Another example how the group has taken advantage of new technology is the utilisation of the iPad within our distribution centres, where it is used to improve the efficiency of the picking process for palletised goods such as carpet tiles, laminate and adhesives.
The group will continue to monitor developments in technology to ensure that whenever appropriate, investments will be made to keep us at the forefront of sales and marketing techniques, along with streamlined logistics.
Outlook
The continued challenging market conditions combined with unfavourable weather has culminated in a slightly disappointing start to 2013.
Notwithstanding this, the board are confident that the operating strategy and group structure will enable the business to continue to deliver progress in its respective markets over the longer term.
2012 Financial Review
Revenue and operating profit
Group revenue increased during the year by 2.8% from £569.8 million to £586.0 million.

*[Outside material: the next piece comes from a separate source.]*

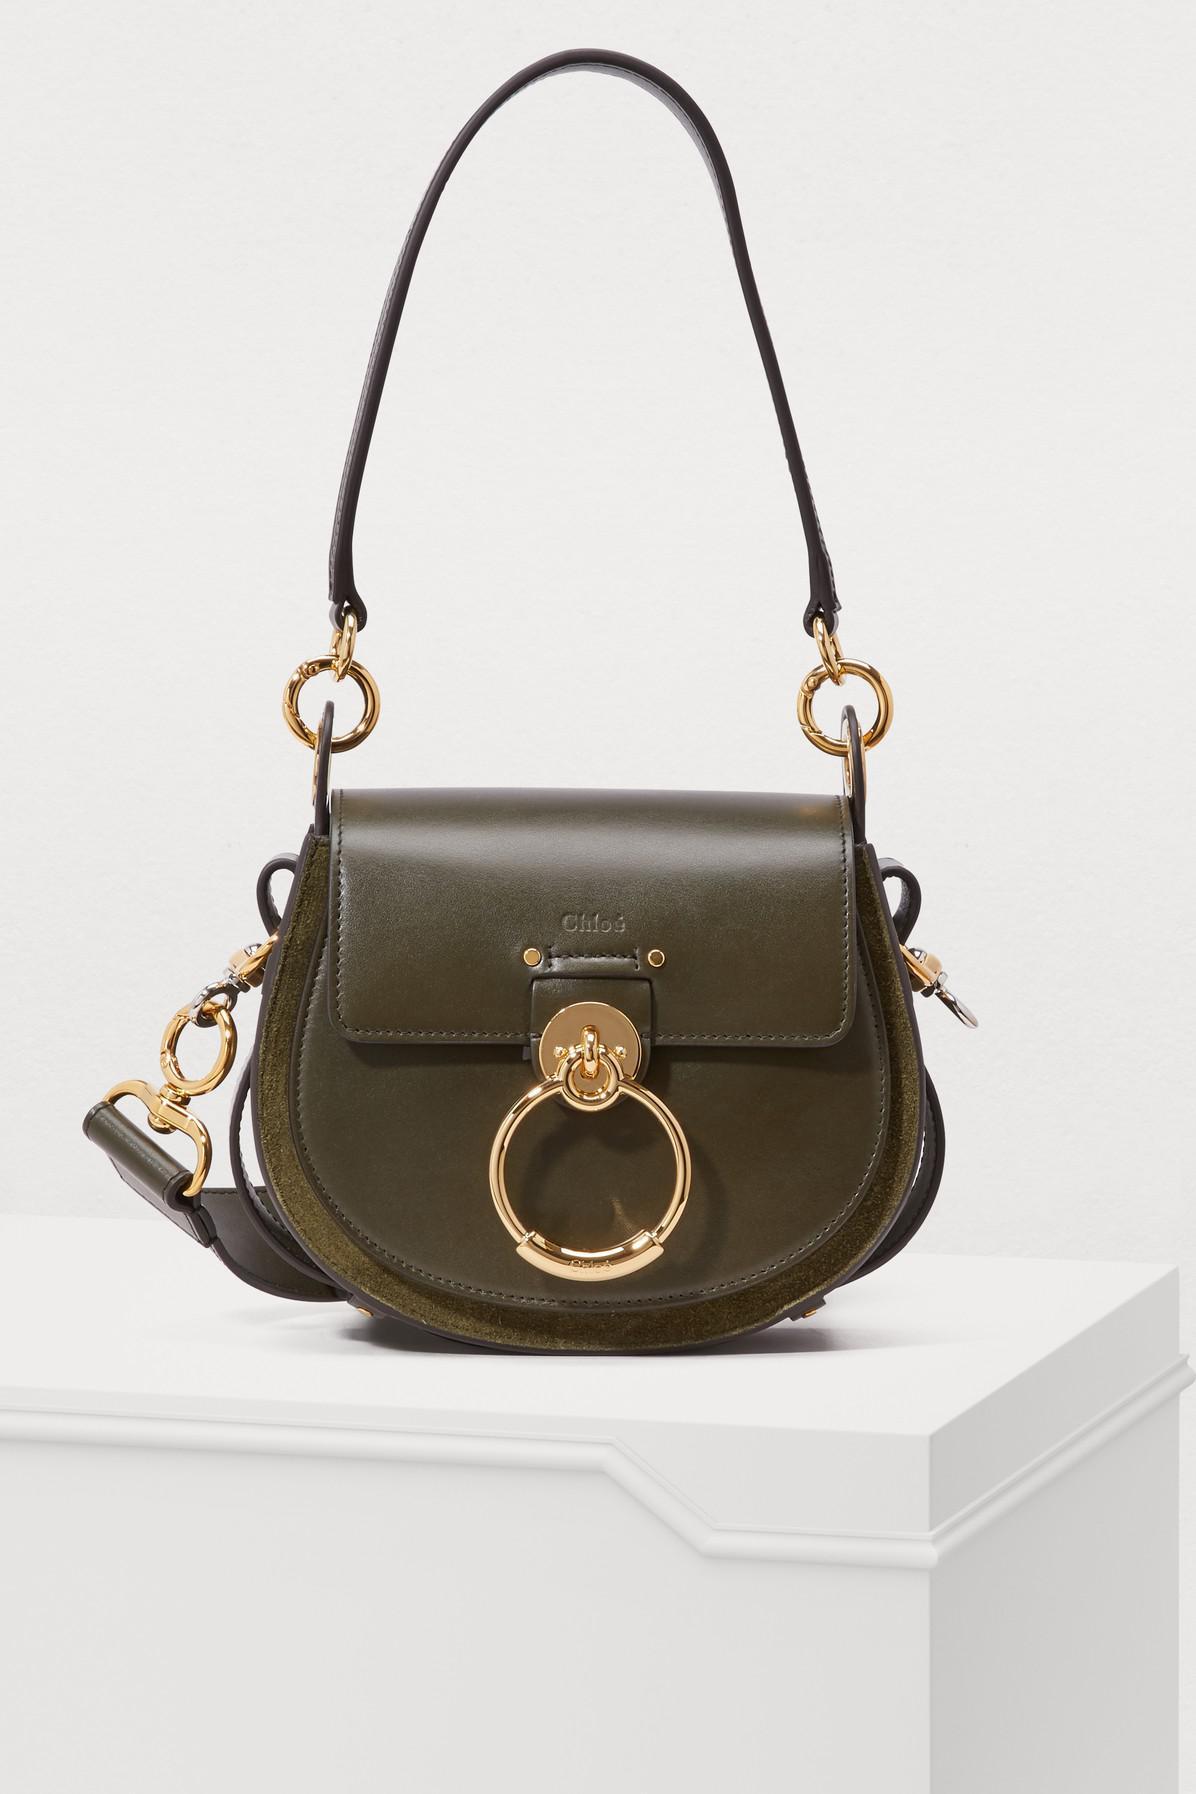 0d164498 Chloé Multicolor Small Tess Bag

Underlying like for like revenue in the UK increased by 5.3%, whilst the collective like for like performance from the Continental European businesses declined by 3.3%.
The group's gross margin was lower during the year compared with the previous year declining to 30.0% compared with 30.8%. A change in product mix and an increasingly intensive competitive environment in the UK contributed to this reduction.
Overheads reduced during the year by £1.3 million, down to £146.4 million compared with £147.7 million in the previous year. As a percentage of revenue, overheads were 25.0% compared with 25.9%.
Operating profit margin improved to 5.0% compared with 4.9% since the dilution in gross margin was compensated for by the reduction in overheads. Operating profit improved by 4.5% on the previous year increasing from £28.1 million to £29.3 million.
Looking forward, the group's operating profit margin should start to register further improvement when floorcovering markets, particularly in the UK, resume growth. Whilst the cost of retaining the group's existing structure has had a diluting impact on profit margin, it has enabled the group to increase its market share and will allow an immediate response to any upturn in market activity.
Net finance costs
Net finance costs increased during the year by £0.4 million compared with 2011, the principal contributors being net bank interest, £0.18 million and £0.26 million attributable to the movement in the cash flow and interest rate hedges.
Taxation
The effective rate of taxation reduced to 24.9% during the year, reflecting the decrease in UK headline corporation tax rate and also the further future reduction already enacted, which impacts upon deferred taxation. The anticipated effective rate for 2013 is expected to reduce to 23.75% due to further UK rate reductions which have been announced but are not yet enacted.
Earnings per share
Basic earnings per share increased by 4.9% from 24.6 pence to 25.8 pence and diluted earnings increased by 5.3%, up from 24.4 pence to 25.7 pence.
Dividends
Total dividends paid and proposed for 2012 have increased by 4.9% from 14.15 pence to 14.85 pence. Dividend cover at 1.7 is broadly consistent with where it has remained in recent years and represents a cover ratio which the board anticipates maintaining for the foreseeable future.
Cash flows
Net cash flow from operating activities
Net cash flow from operating activities increased during the year by £15.9 million from £10.1 million to £26.0 million.
Operating cash flows before changes in working capital and other payables accounted for £1.3 million of the overall increase with the principal contribution coming from the improvement in profit before tax of £0.9 million.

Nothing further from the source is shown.